From the long (20K-word) decision of the Washington Supreme Court Thursday in In the Matter of Disciplinary Proceeding Against Feyissa, written by Justice Sheryl Gordon McCloud:

After a 12-day disciplinary hearing, a hearing officer (HO) concluded that Shakespear N. Feyissa committed six counts of misconduct. The presumptive sanction for most of those counts was disbarment…. The Disciplinary Board (Board) of the Washington State Bar Association (Bar) unanimously adopted the HO’s disbarment recommendation. Feyissa appeals….

Attorney Shakespear N. Feyissa was born in Ethiopia. He immigrated to the United States at around age 17….

There’s a lot going on in the case, and you can read it for yourself here. But here’s one brief passage that particularly struck me:

Feyissa claims that the HO refused to consider cultural differences. But the record contradicts that assertion ….

As stated above, Feyissa’s friend testified about cultural differences between Ethiopian and Western cultures relating to norms in negotiations. The witness opined that “in Ethiopia, ‘If you tell a lie but everybody’s happy, then you didn’t do anything wrong.'”

The HO clearly did not refuse to consider this testimony or to evaluate its impact on the case, as evidenced by her conclusion of law on the issue; the HO made the sustainable legal conclusion that this cultural difference “does not exempt Respondent from his professional obligations under the RPCs, and thus cannot be accepted as a reason to mitigate Respondent’s conduct as a lawyer.”

Here are the passages from Feyissa’s counsel’s briefs that raise the argument to which the supreme court was apparently referring:

The complaint also alleged that Mr. Feyissa made false statements in negotiating on his clients’ behalf. As explained below, due to the very different set of norms in Ethiopian culture surrounding negotiations, he did not understand the limits of bluffing and puffery in negotiations, and made the false statements solely to get his clients more money.  Mr. Feyissa admitted the false statements for which he was responsible, stopped engaging in that practice after receiving the grievance; and expressed regret for his conduct during the hearing…..

[T]he Hearing Officer refused to consider evidence that in Mr. Feyissa’s culture, telling lies is accepted as long as it makes other happy and that in negotiations, both sides understand that the other will exaggerate and twist the truth….
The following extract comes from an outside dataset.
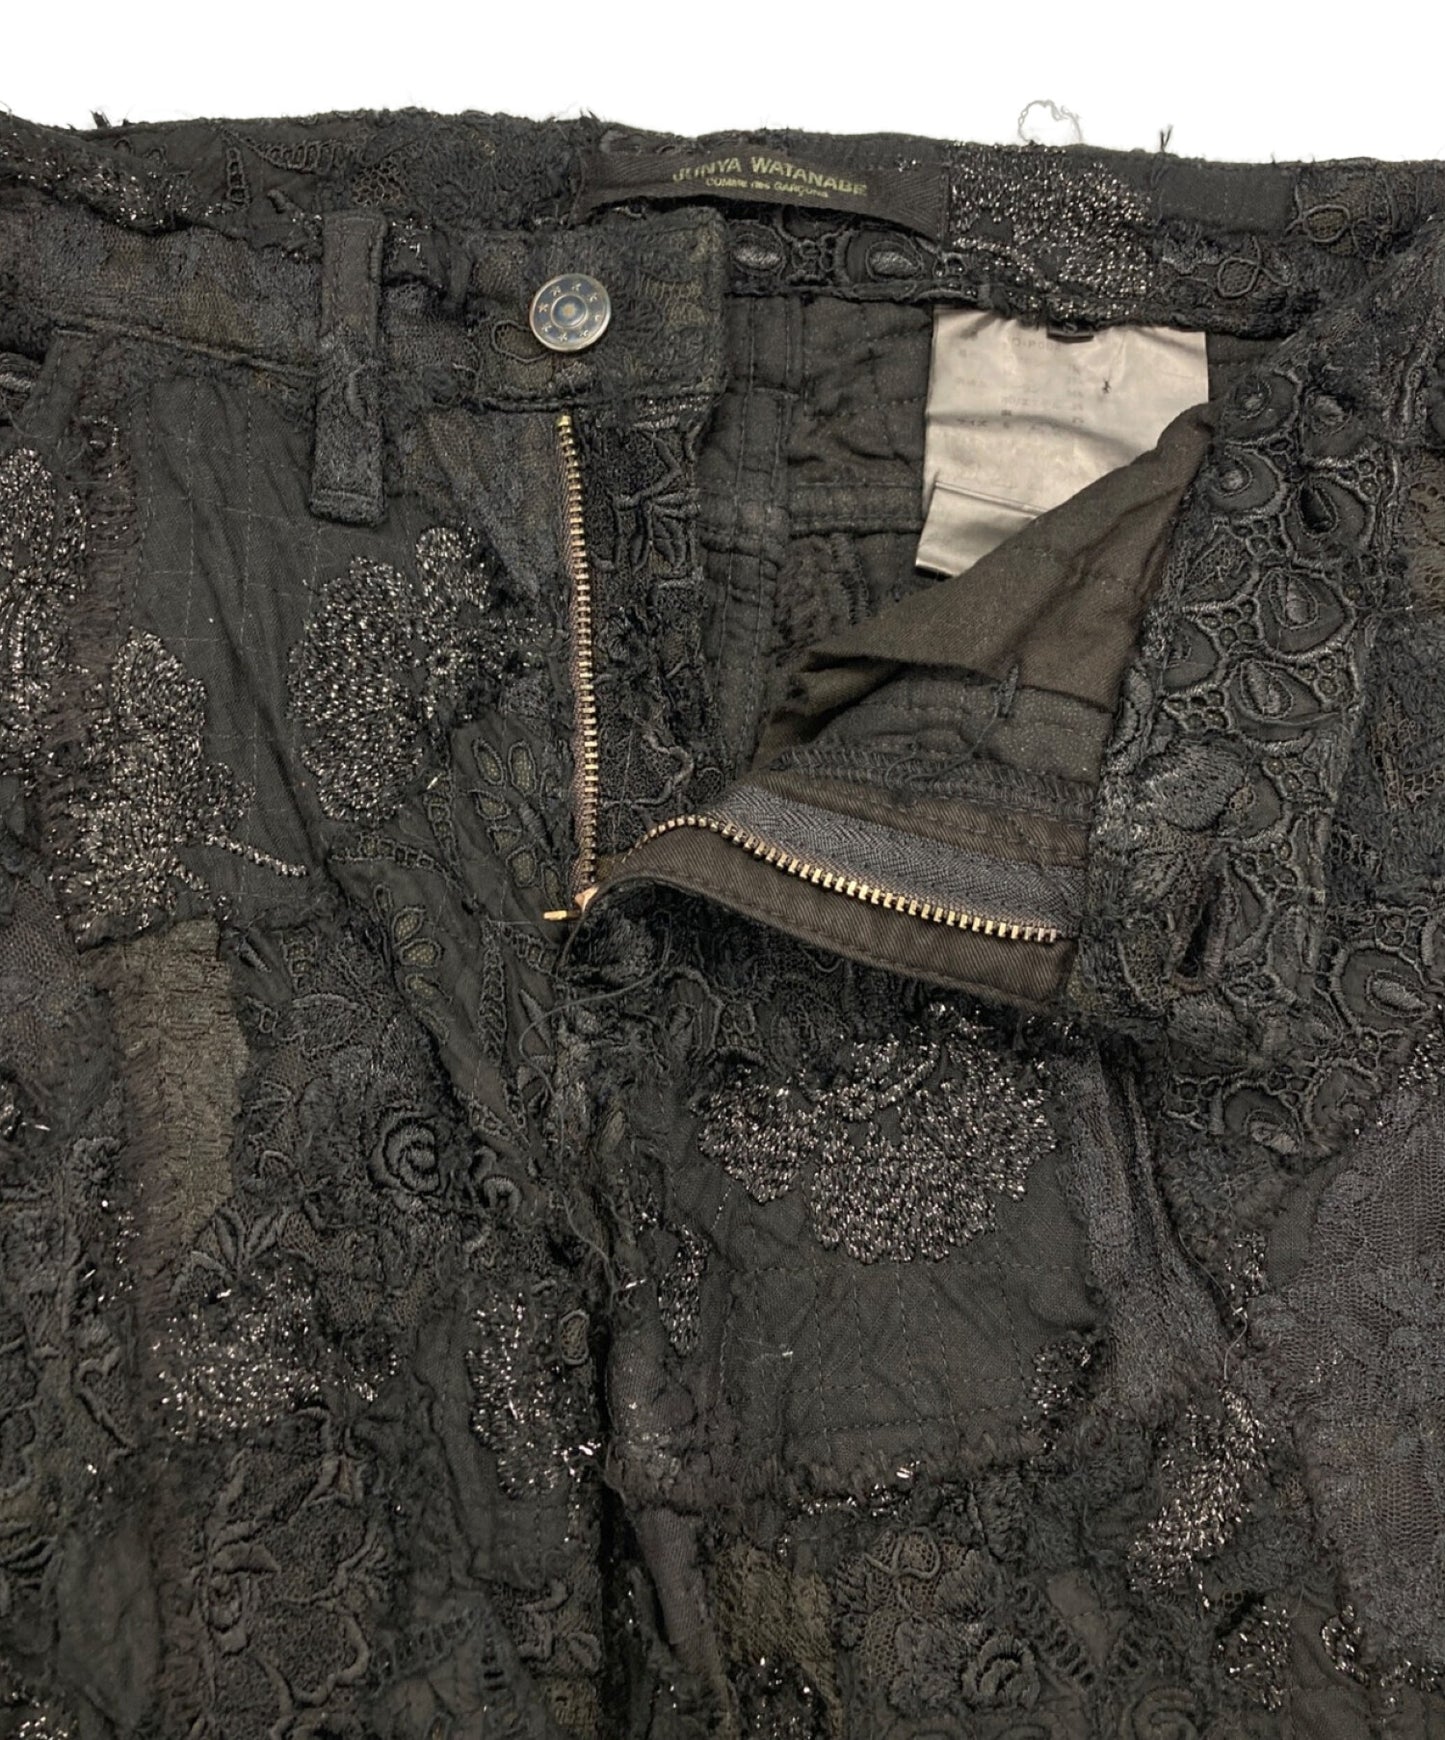 [Pre-owned] JUNYA WATANABE COMME des GARCONS quilted lace pants JO-P004

The Hearing Officer also erred by refusing to consider Mr. Feyissa’s cultural background in finding that the false statements “seriously adversely reflected on his fitness to practice,” wrongly concluding that because his cultural background did not “exempt Respondent” from the RPCs, it should not be considered at all. Mr. Feyissa never asserted that he was exempt from the RPCs. Instead, the context for the misstatements is critical in evaluating whether the misrepresentations to third parties seriously adversely reflected on his fitness to practice. As discussed above, there was uncontested evidence that false statements are acceptable in negotiations in Ethiopian culture. Mr. Feyissa now understands that the rules governing his conduct in negotiations and agrees that he did not comply with the RPCs, but the reason he thought he was allowed to make such statements needs to be considered when determining the degree to which his conduct reflected on his fitness to practice….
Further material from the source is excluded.